Expedia is a leading online travel marketplace that operates globally within the transportation services industry.
It serves as a one-stop platform for travelers to book flights, accommodations, and activities, with powerful brand recognition being a core characteristic of its identity.
Updated: February 27, 2026, 16:00 EST
Technical Analysis: EXPE currently exhibits classic oversold characteristics following substantial recent declines. While trading well above its 52-week low, the stock's significant underperformance relative to the market highlights ongoing weakness. The current price level suggests potential for a technical bounce, but the high beta indicates continued volatility ahead.
Fundamentals: The company shows concerning profitability compression despite healthy gross margins, reflecting operational cost challenges. While EXPE maintains adequate interest coverage, its high leverage and modest liquidity position create financial vulnerability. Operational efficiency appears mixed—strong return on equity but weak asset utilization suggests structural inefficiencies.

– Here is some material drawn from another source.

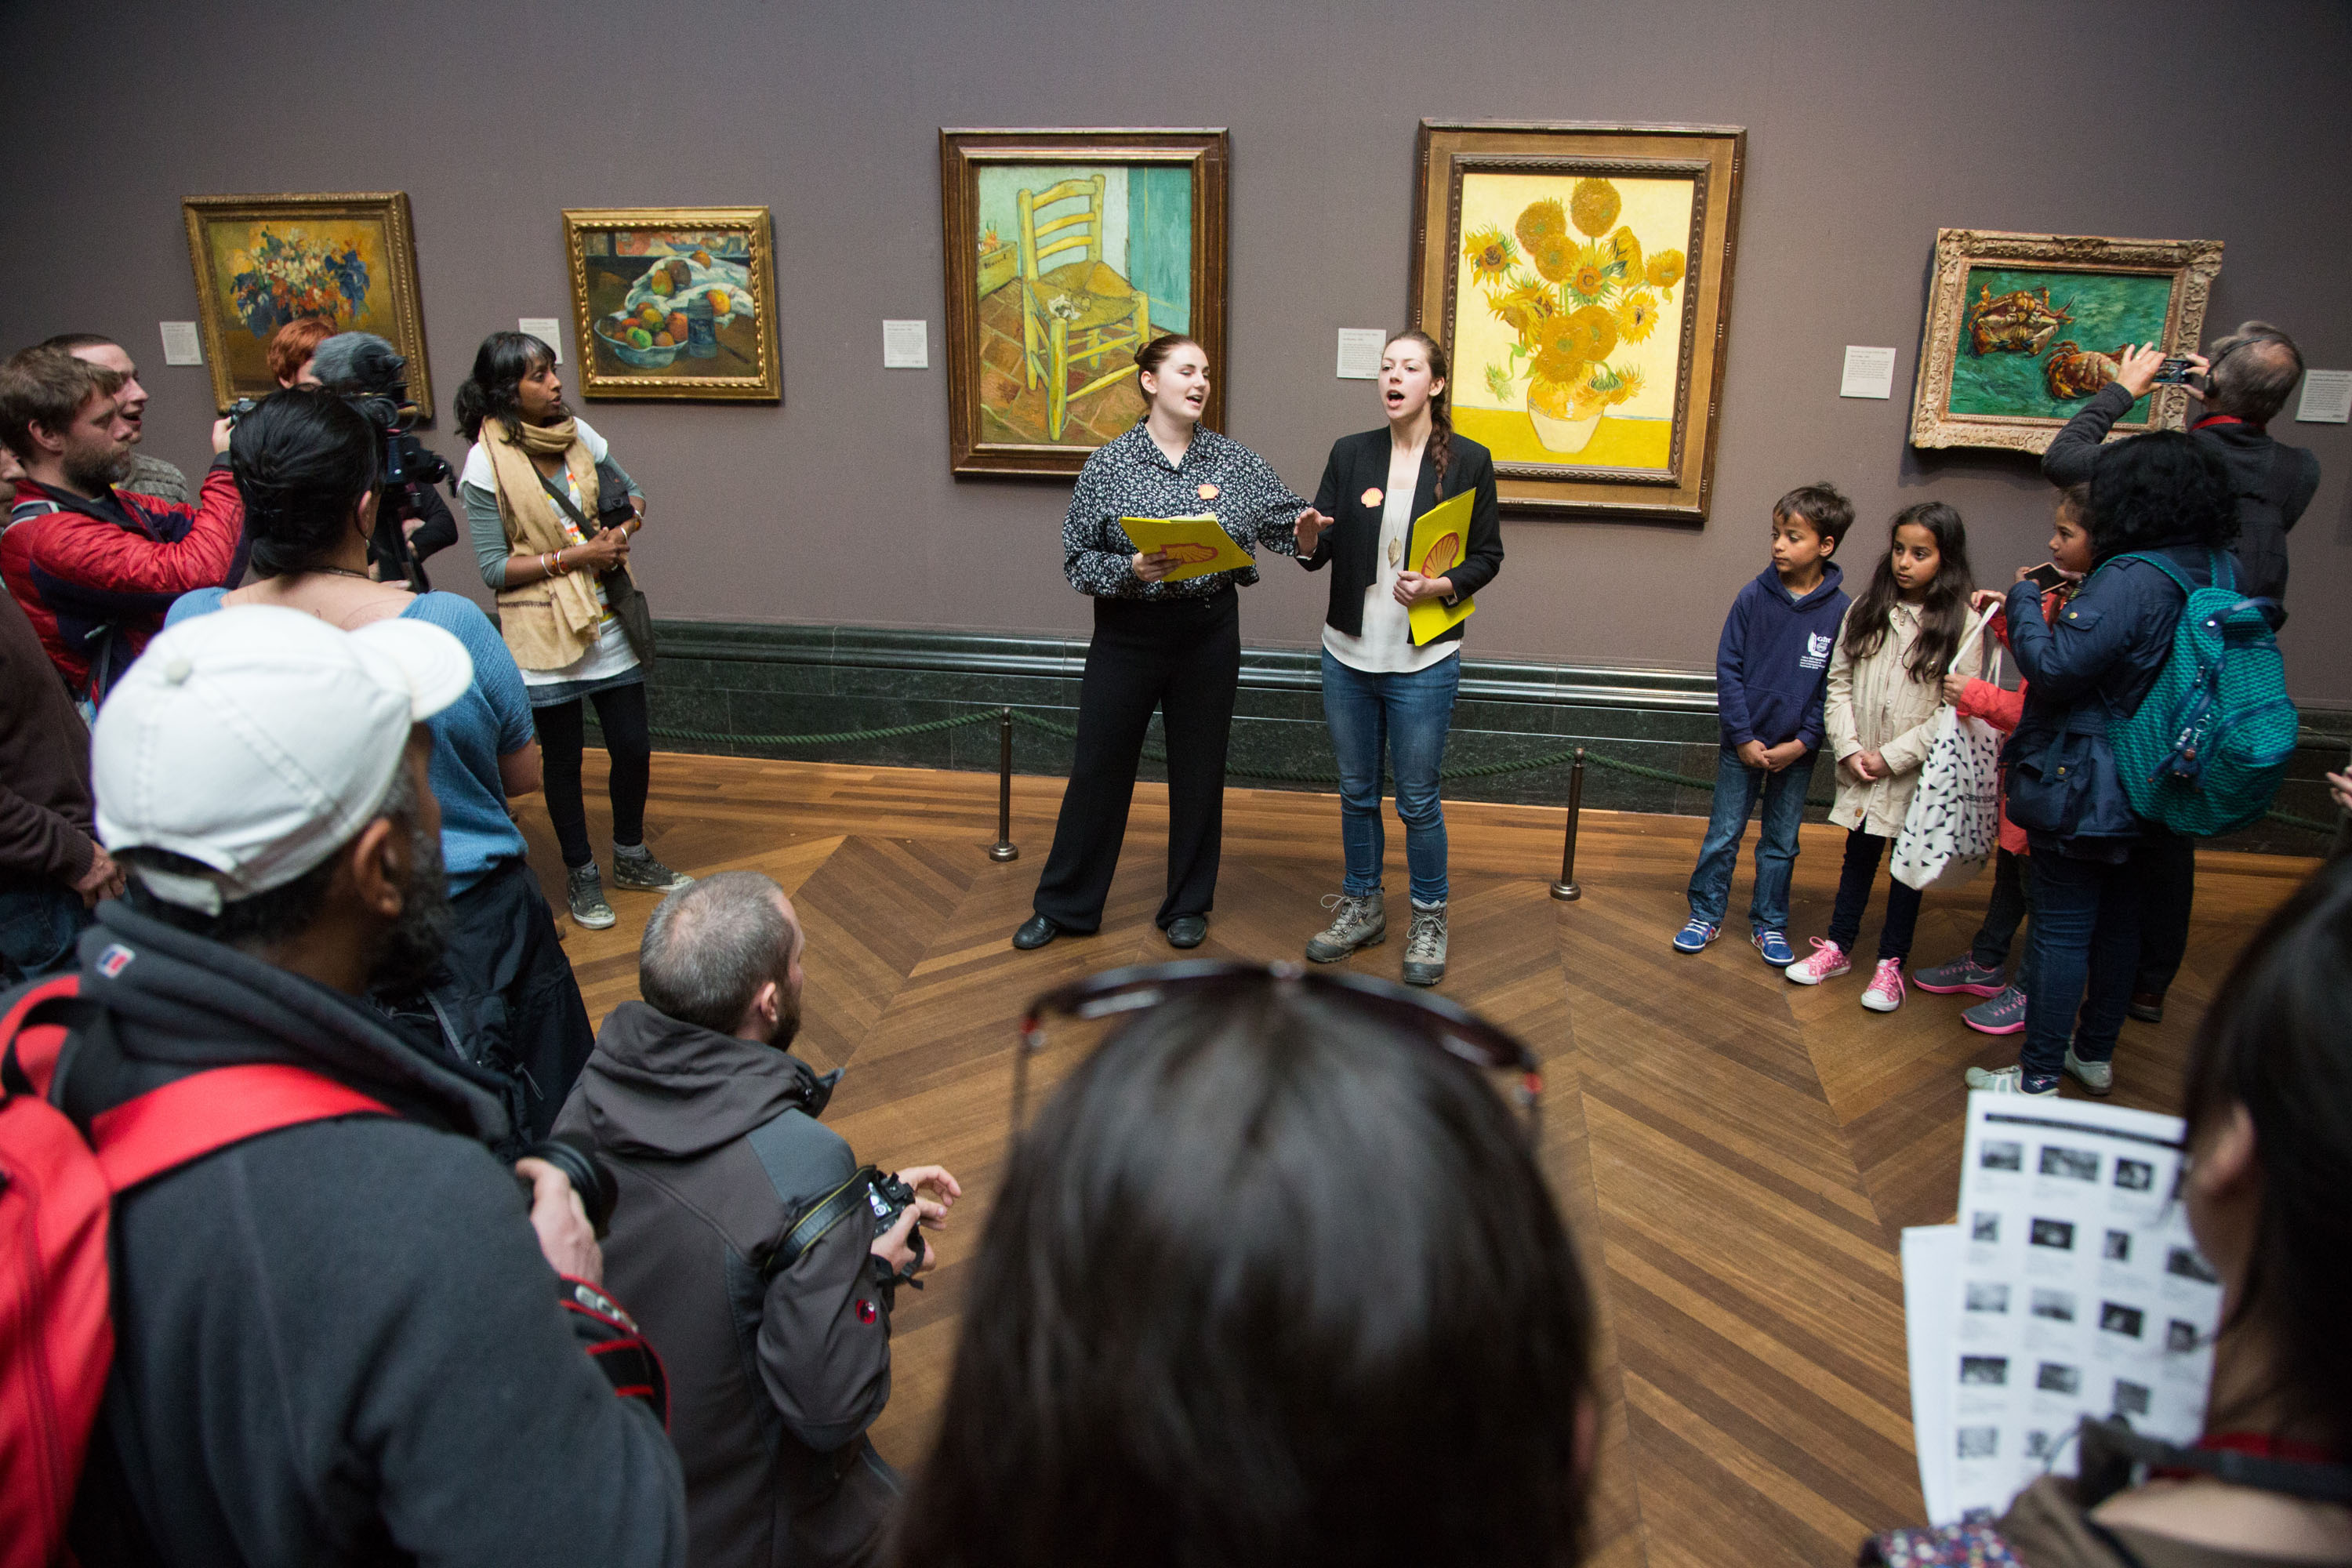 Campaigners Storm Van Gogh S Sunflowers Room In National Gallery Protest Bp Or Not Bp

Valuation: Current multiples indicate premium pricing, with the forward P/E above 42 signaling expected earnings deterioration. The negative PEG ratio particularly suggests the market price isn't supported by growth prospects. Without industry benchmarks, EXPE appears richly valued on an absolute basis.
Risk: High beta and maximum drawdown metrics confirm above-average volatility risk. The travel business remains highly sensitive to economic cycles and discretionary spending cuts, creating cyclical vulnerability without offsetting short-term catalysts.
Neutral/Hold. While EXPE shows oversold technical conditions that might attract contrarian buyers, fundamental challenges and rich valuation temper enthusiasm. The combination of earnings compression, operational inefficiencies, and macroeconomic sensitivity suggests limited near-term upside. Investors should monitor for improved cost control and stabilized earnings before considering establishment of positions. The stock may appeal more to patient investors believing in a travel sector recovery, but current risk-reward appears balanced.
Based on the provided analysis, here is a 12-month outlook for Expedia Group (EXPE):
12-Month Outlook for EXPE:
The outlook for EXPE over the next year is neutral, with potential upside heavily dependent on improved operational execution. A key positive catalyst would be successful cost-control measures that reverse the trend of profitability compression and justify its current premium valuation. Conversely, the primary risks stem from its high sensitivity to any economic downturn that reduces discretionary travel spending, coupled with its existing financial leverage, which could amplify declines. Given the lack of a clear near-term catalyst and rich valuation, the stock is likely to remain volatile, with a target range broadly reflecting the current price level until fundamental improvements materialize.
Most Wall Street analysts are optimistic about Expedia Group, Inc.'s 12-month outlook, with consensus target around $215.69, indicating expected upside potential.
Overall, EXPE has investment potential but also faces challenges. Here are key factors to weigh before investing.
EXPE has demonstrated significant volatility with substantial downside pressure recently, though maintains positioning well above its 52-week low. The stock has meaningfully underperformed the broader market over the past three months. Its high beta confirms it is a more volatile instrument relative to the market.
Short-term performance has been notably weak, with the stock declining 18.3% over the past month and 7.17% over three months. This performance is substantially weaker than the market, as evidenced by its -12.8% relative strength, indicating significant underperformance during this period despite the stock's high volatility profile.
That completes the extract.